Thursday, August 22, 2013

Making more of US aid to egypt


It seems that Americans, especially in Washington, can’t get enough of Egypt right now. The hotly contested ouster of Egyptian President Mohamed Morsi has left Egypt in a state of political instability and Americans are divided over how to engage.

While many Americans continue to debate the legitimacy of ousting Morsi and what this means for US aid to Egypt, President Barack Obama has avoided passing judgment on Egypt’s most recent political transition. The result is that the United Sates continues to provide aid while publicly encouraging the interim government to revise the constitution and launch fair and free elections.

But is this enough? While trust between the United States and Egypt is at an all-time low, and while there is a limit to the impact the United States can have on Egypt’s domestic political transition, Washington and Egypt have a decades-long relationship, and fair and balanced foreign aid could modestly contribute to resolving the on-going instability and enhance American-Egyptian relations.

But the kind of aid provided matters. Egypt needs more bread than guns.

US foreign aid priorities could shift from military capacity-building to economic development and human rights, in order to better serve the interests of the people of Egypt. The military receives 1.3 of the 1.56 billion dollars of US aid annually, a disproportionate ratio of bullets to butter. Moreover, the military runs a significant portion of the Egyptian economy on the side. Yet history has shown that no military establishment can effectively serve its society when its interests are in conflict with its people’s.

American aid to Egypt must focus on stability, human rights and prosperity. More aid should be given in the form of support for industrial enterprise, educational programs, cultural activity, human rights, building political parties and stimulating dialogue between church, mosque and synagogue.

The image of the donor and the recipient are relevant to the efficacy of aid. In an era of global mass communication, the positive effects of foreign aid are easily neutralized by irresponsible media campaigns both in the Arab world and in the United States.

If foreign aid is structured through a bilateral partnership, American and Egyptian experts could plan development and empowerment programs together. Outcome evaluations could be based on mutually agreed objectives of aid, while evaluators of aid could include Egyptians.

The problem of aid is more than a matter of substance. The political context of foreign aid is also crucial. Washington must better coordinate its foreign policy in the region. If US aid is perceived by Egyptians, who value their pride and self-determination, as an instrument of co- optation and compliance, then it is hard for Washington to build a genuine partnership with Cairo.

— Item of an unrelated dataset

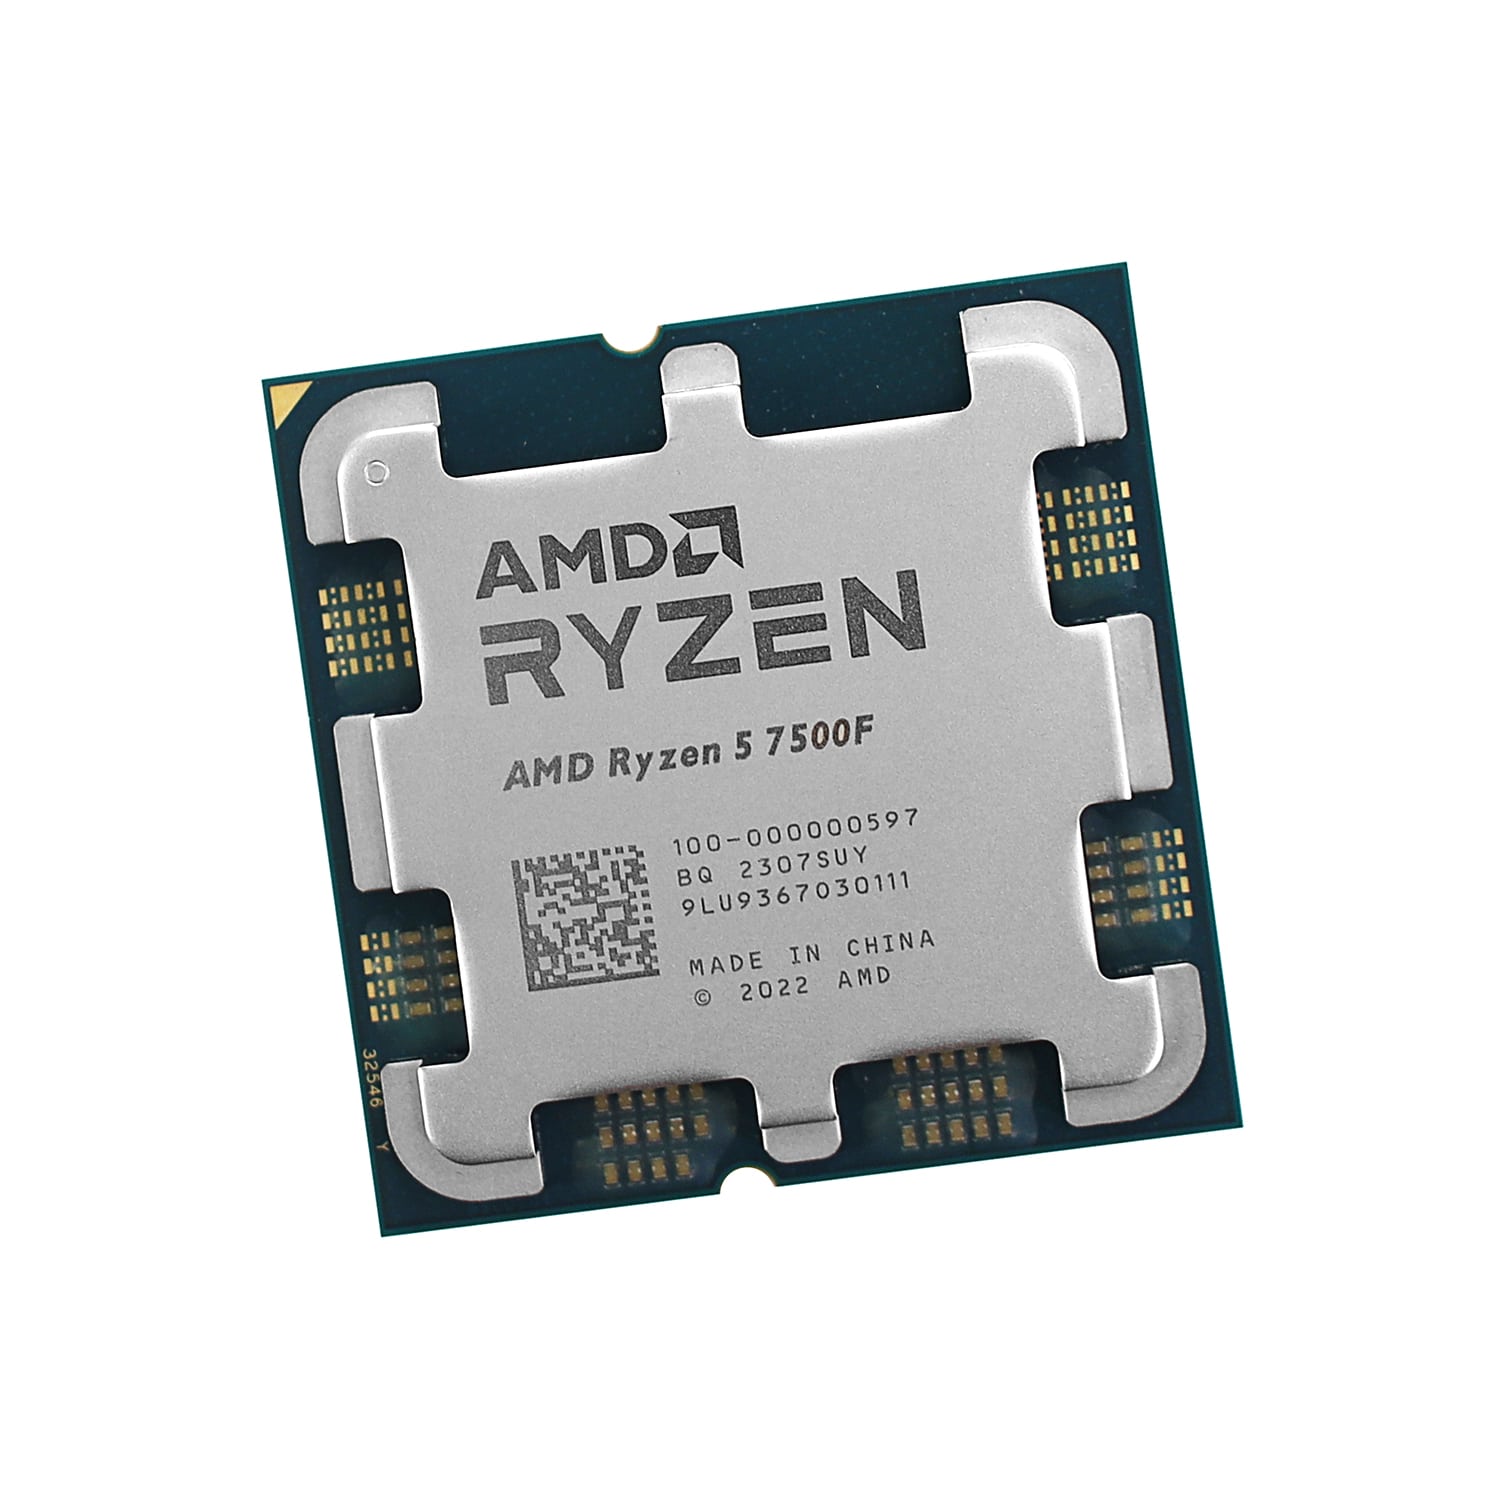  AMD Ryzen 5 7500F (100-000000597)

The high visibility and dominance of American aid may have a counterproductive effect for the moment. Currently, the interim government and its opposition are nervous about US involvement in Egypt’s domestic politics. Fairness and neutrality help, and therefore the US government should continue to urge both sides to reconcile. At the same time Washington could join the European Union and the Arab League in aid and diplomacy efforts.

To further enhance trust between Washington and Cairo, foreign aid might encourage reciprocity — such as exchange programs in both directions. For example, with regards to educational aid, Egyptian teachers could offer courses in American universities and, reciprocally, American educators could teach and advise in Egypt. Similarly, Americans could start business activities in Egypt while Egyptians could do business in the United States.

The United States could also work with Saudi Arabia and the United Arab Emirates, both major aid contributors, to help them to tie their aid in Egypt to good governance, inclusion of minorities and reconciliation.

The bottom line is that there is a limit to what the United States can do by itself to change the future of Egypt. However, Washington could develop a promising relationship with Cairo by engaging Egyptians in the shaping of aid, participating actively in multilateral instruments while continuing to provide space for Egyptians to decide on the future of their own society and statehood.

A political commentator, Ghassan Rubeiz is the former Secretary of the Middle East of the Geneva- based World Council of Churches.